-- Material provided --
_ _ _ _
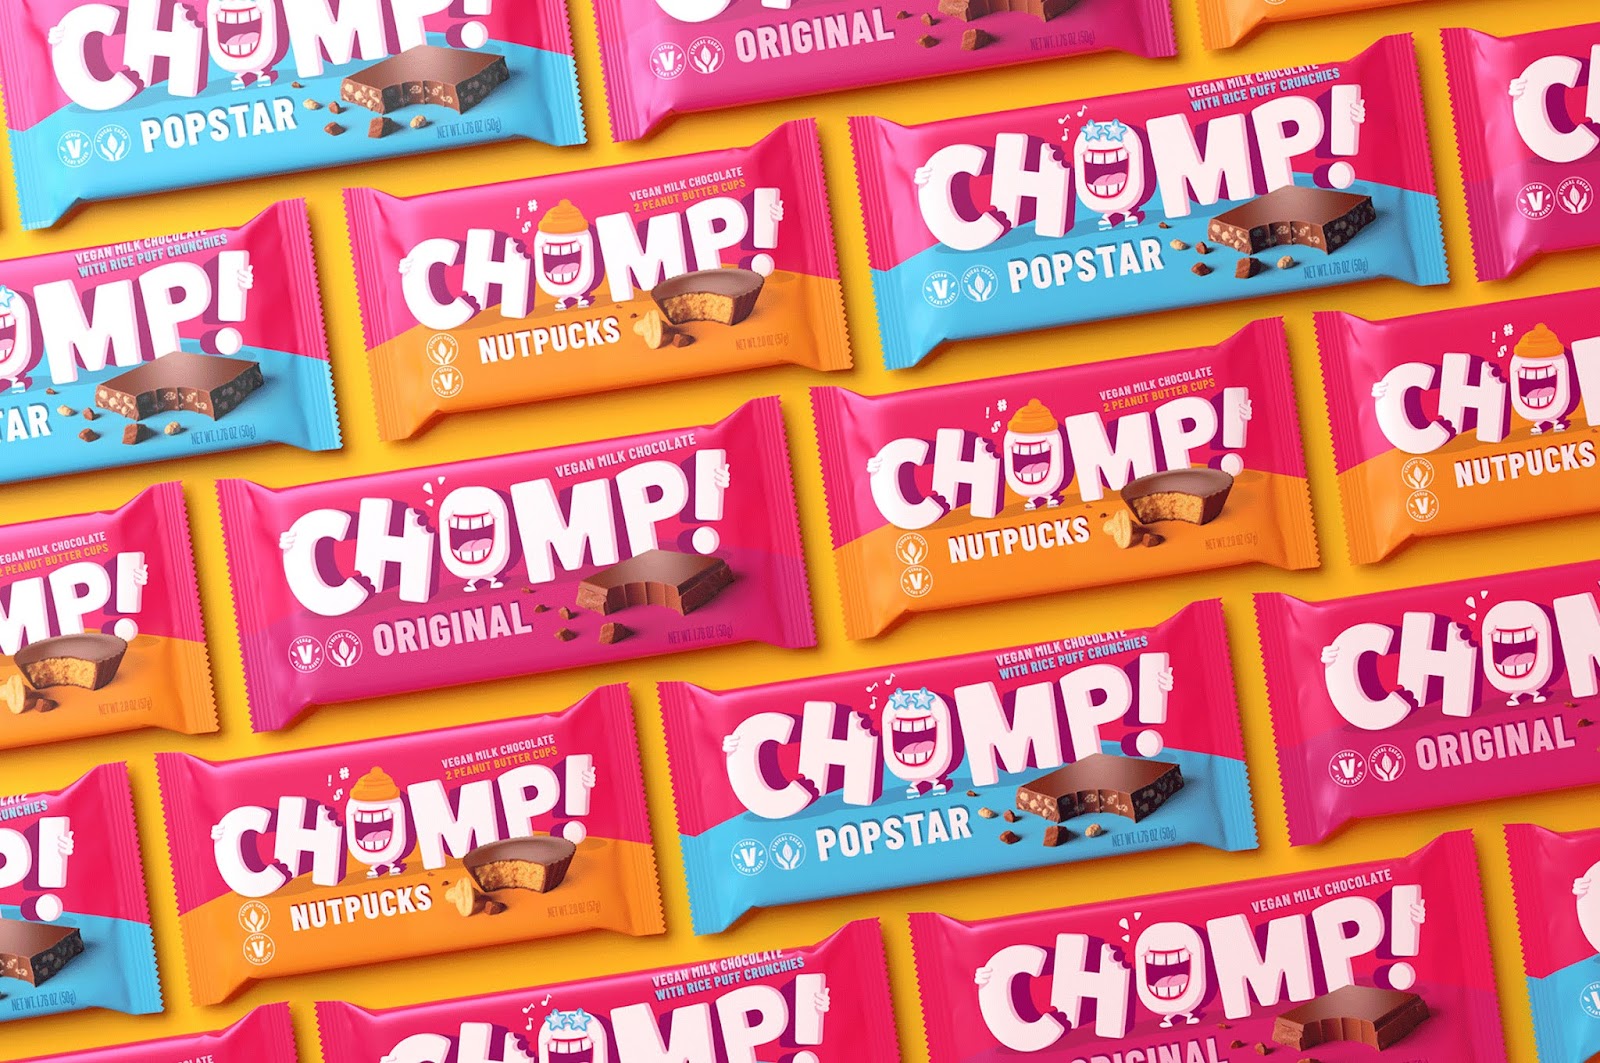 Popstar – Chomp! Chocolate
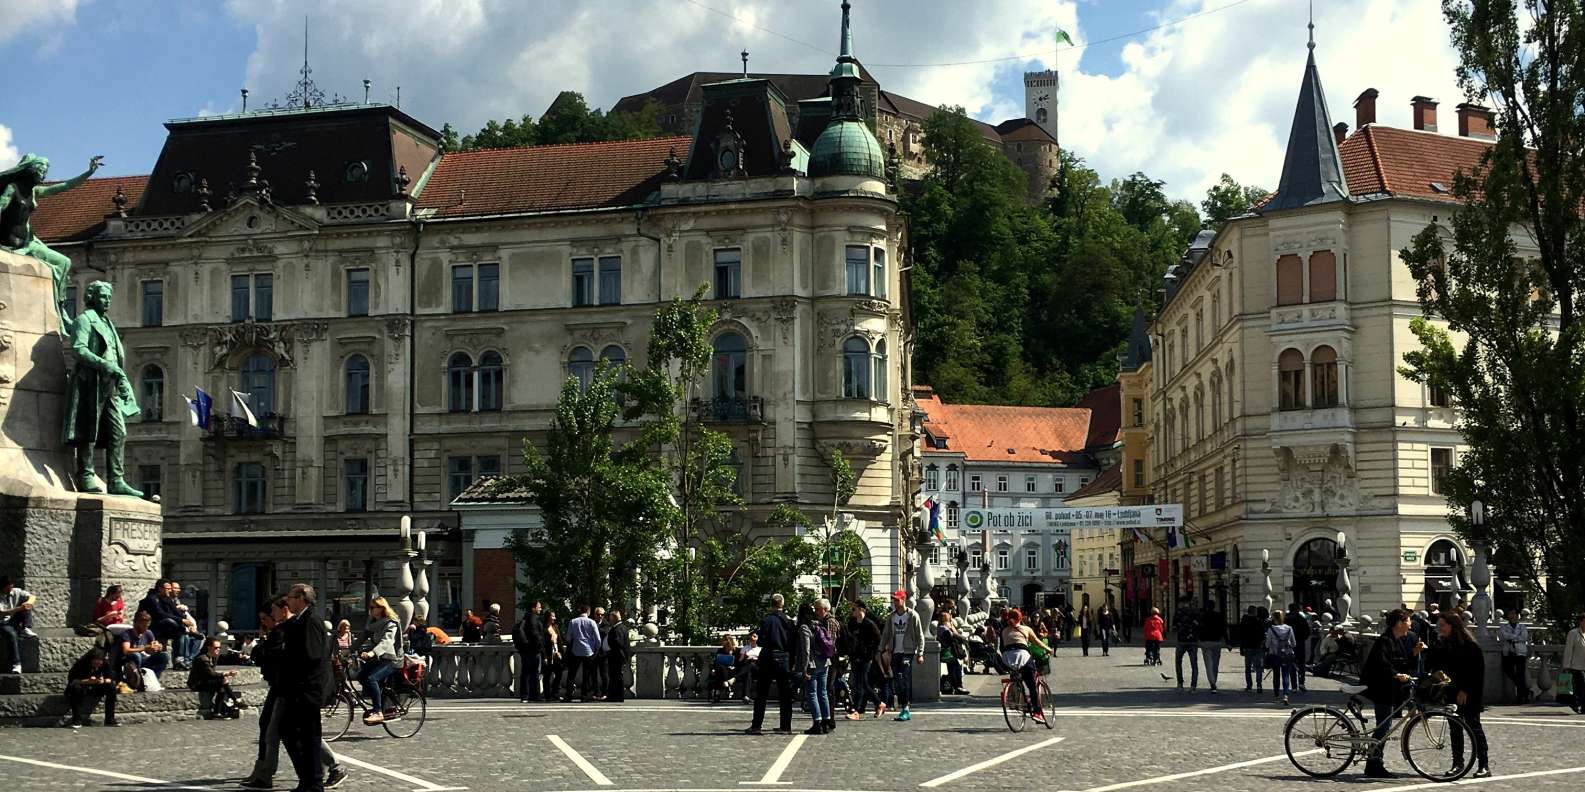 things to do in Ljubljana
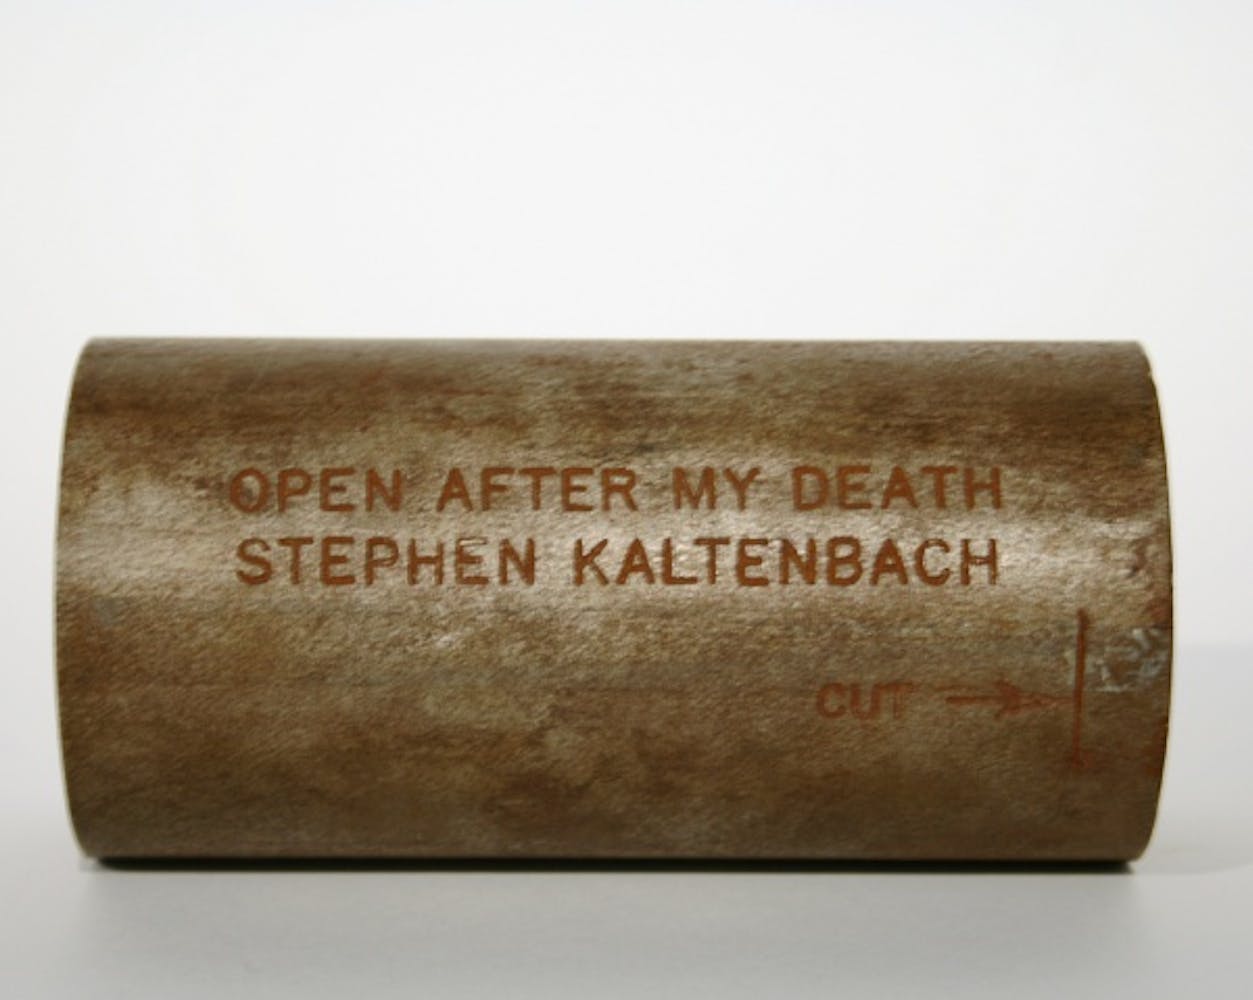 Stephen Kaltenbach, Time Capsule (OPEN AFTER MY DEATH STEPHEN KALTENBACH), 1970
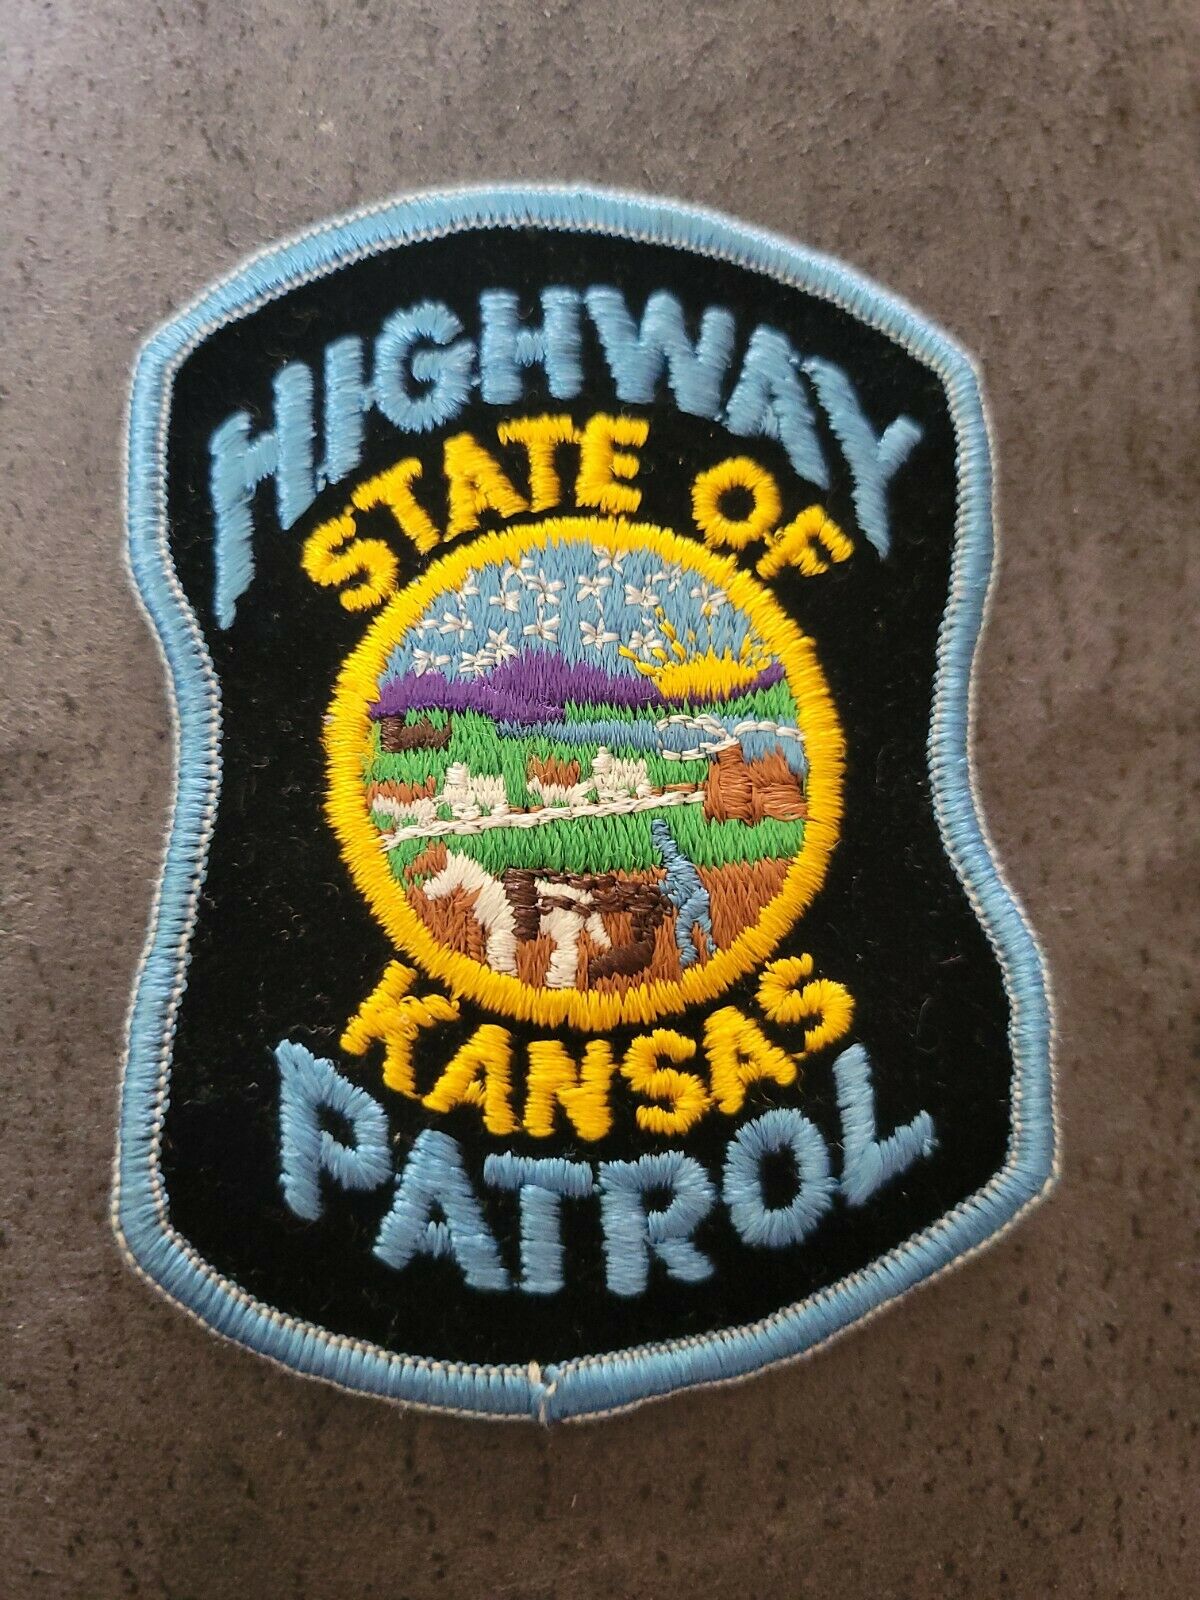 Kansas Ks Police State Highway Patrol  Patch New Old Stock Felt Obsolete
_ _ _ _
Could you write out the whole listing exactly, dropping the pictures?

-- Your solution --
 Popstar – Chomp! Chocolate
 things to do in Ljubljana
 Stephen Kaltenbach, Time Capsule (OPEN AFTER MY DEATH STEPHEN KALTENBACH), 1970
 Kansas Ks Police State Highway Patrol  Patch New Old Stock Felt Obsolete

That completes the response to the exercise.